Daha yaygın eğilimlere gelince, gücün koleksiyoncularla daha doğrudan çalışan sanatçılara doğru kaydığı görülüyor; teknolojik ilerlemeler bunun hiç de azımsanmayacak bir nedeniyken sosyal medyaya üzerindeki odağın artması da bu bağlamda önem arz ediyor. Birincil piyasa simsarlarına sanatçıların, galerilerini es geçmeleri konusundaki endişe düzeyleri sorulduğunda, yüzde 35’i “çok fazla veya orta derecede” endişeli olduğunu söylerken sadece yüzde 20’si endişeli olmadığını belirtti. Birincil piyasa simsarlarının neredeyse yüzde 40’ı önümüzdeki yıl sanatçıların doğrudan satışlarında bir artış öngördü.
Sonuç olarak McAndrew, bazı simsarların “programları üzerinde hem yukarıdan hem de aşağıdan baskı hissettikleri”ni belirtiyor: “Büyük üst düzey galeriler ve sanatçıların başkaları tarafından kapılması riskini yukarıdan; sanatlarında olgunlaştıkça bizzat sanatçılardan gelecek baskıyı aşağıdan hissediyorlar.”
Islak boya piyasası tamamen kurudu
Son birkaç yılın en büyük trendlerinden biri, ultra-çağdaş veya “kırmızı çip” sanatçılar için genişleyen piyasa oldu. Büyük ölçüde, coşkulu müzayede piyasasının desteklediği bu trend artık tersine dönmüş görünüyor. 2021’de çağdaş sanat, (1945 sonrasında doğan sanatçıların eserleri) ve son 20 yılda yapılmış eserler, ultra-çağdaş sanatçıların güçlü satışları sayesinde değerini ikiye katladı. Ancak 2022’de, savaş sonrası sanatın daha eski dönemi daha başarılı oldu, eserleri yüzde 3’e varan değer artışı gösterirken, buna karşılık çağdaş sanat yüzde 26, son 20 yılın eserleriyse yüzde 17’ye varan bir düşüş yaşadı.
Anketlerde bazı simsarlar, 2021’de birincil piyasanın bazı bölümlerinin “fazla şişirilmiş” olduğunu ve satışların 2022 yılında aynı hızda devam etmediğini, bazı sanatçılar için “gelecekte zorlu bir yol” olabileceği endişesi taşıdıklarını belirttiler.

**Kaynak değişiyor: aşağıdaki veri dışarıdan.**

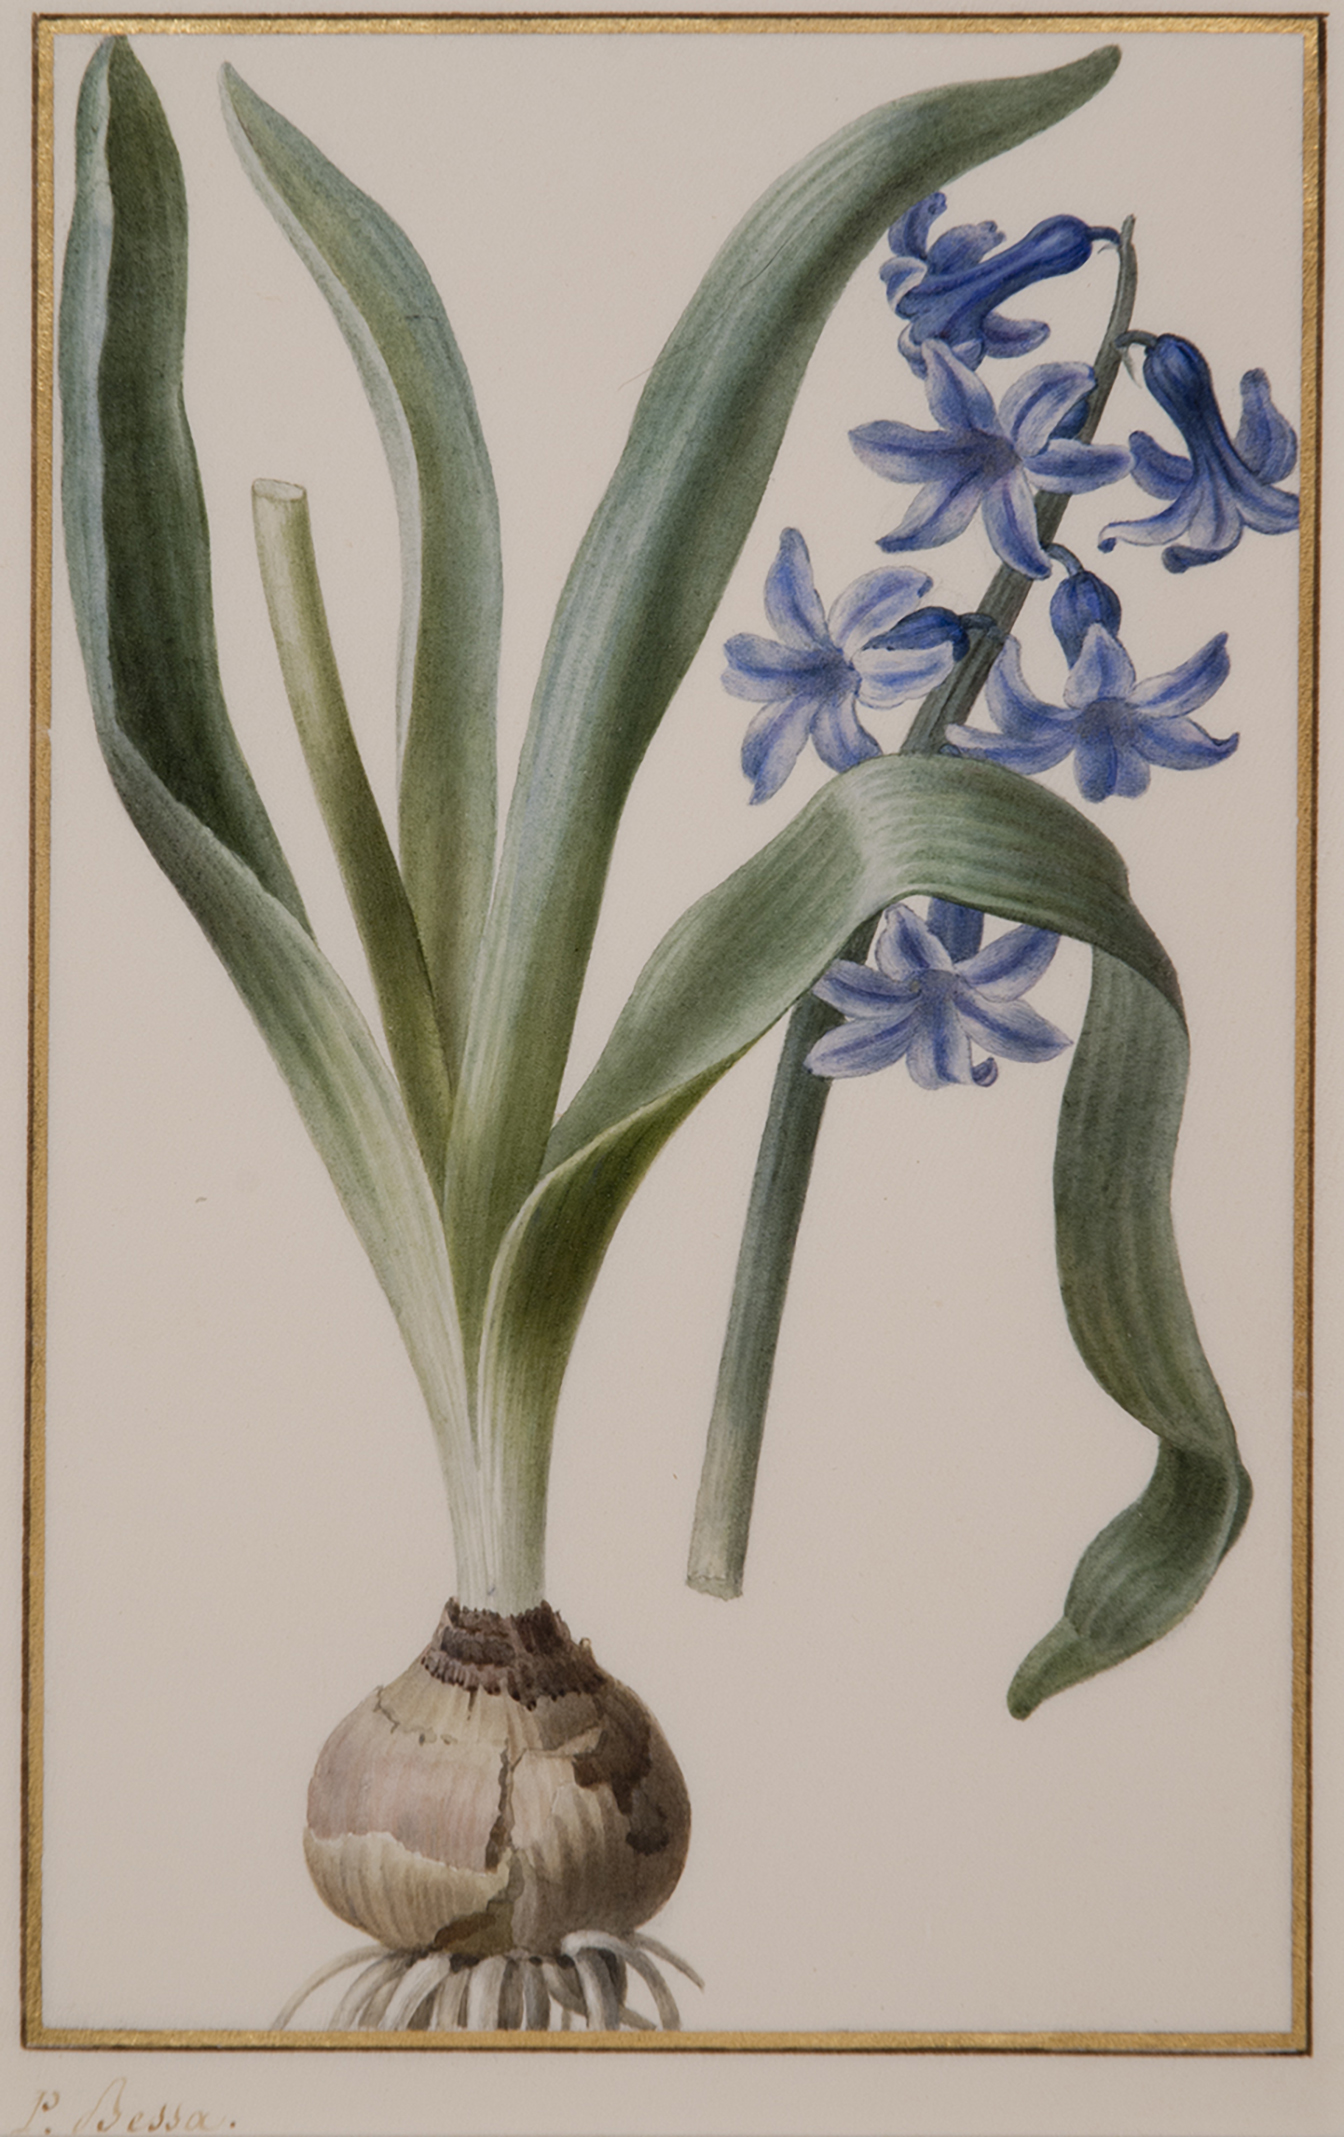 Pancrace Bessa (French, 1772–1846), Hyacinthus Orientalis, 1810–1826, watercolor on white vellum, 7 3/8 x 4 9/16 inches. Presented in memory of James Rea Maxwell Jr., Class of 1921, 74.4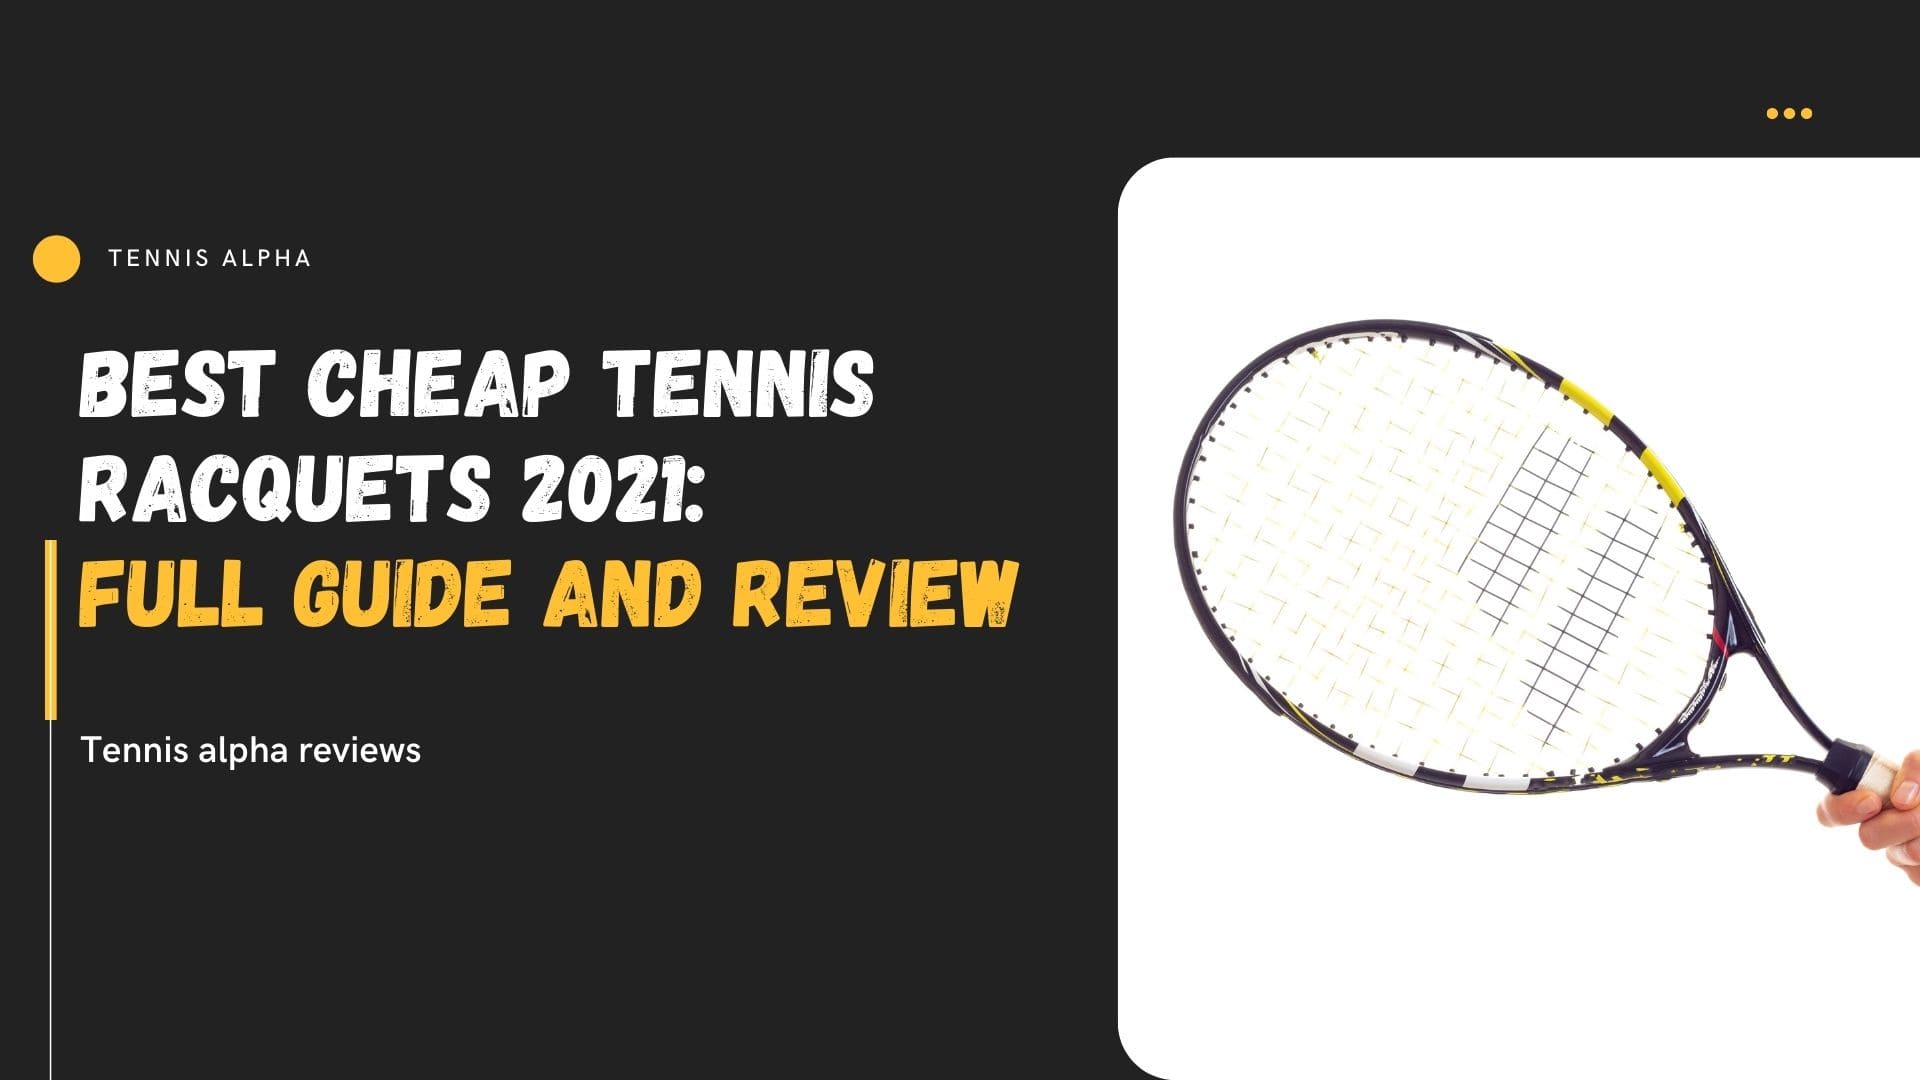 Best Cheap Tennis racquets 2021: Full Guide and Review

Bu yorumlar özellikle, kariyerlerinin nispeten erken dönemlerinde olmalarına rağmen fiyatları 1 milyon dolar ve üzerinde olan “yaşayan ünlü sanatçılar” olarak adlandırılan kesime yönelikti.
Bazı simsarlar, “müzayede görünürlüğünün, sanatçılar için bir pazarlama tekniği olarak müze satın alımlarının yerini aldığı”nı eserlerin sanatçıların stüdyolarından hızlı bir geri dönüşle müzayedeye gittiğini vurgularken diğerleriyse fiyatları artıran, “bütünlük ya da iş bilgisinden yoksun çok sayıda yeni galeri” istilasını suçluyor.
Cinsiyet eşitliği – ne zaman gelecek?
Cinsiyet eşitliğine sözde bağlılığın devam etmesine rağmen kadın sanatçıların temsil oranı erkek meslektaşlarınınkine göre hâlâ düşük. Fiyat eşitliği de yavaş yavaş gelişiyor. Raporun belirttiğine göre, galeriler tarafından temsil edilen kadın sanatçıların payı yüzde 39 ve bu oran 2021 yılında yüzde 37’ydi. Tek başına birincil piyasada, ilerleme son iki yılda duraksamaya girmiş görünüyor, kadın sanatçıların payı, 2019’da elde edilen yüzde 44’e göre az bir düşüşle şu anda yüzde 42’yi buluyor.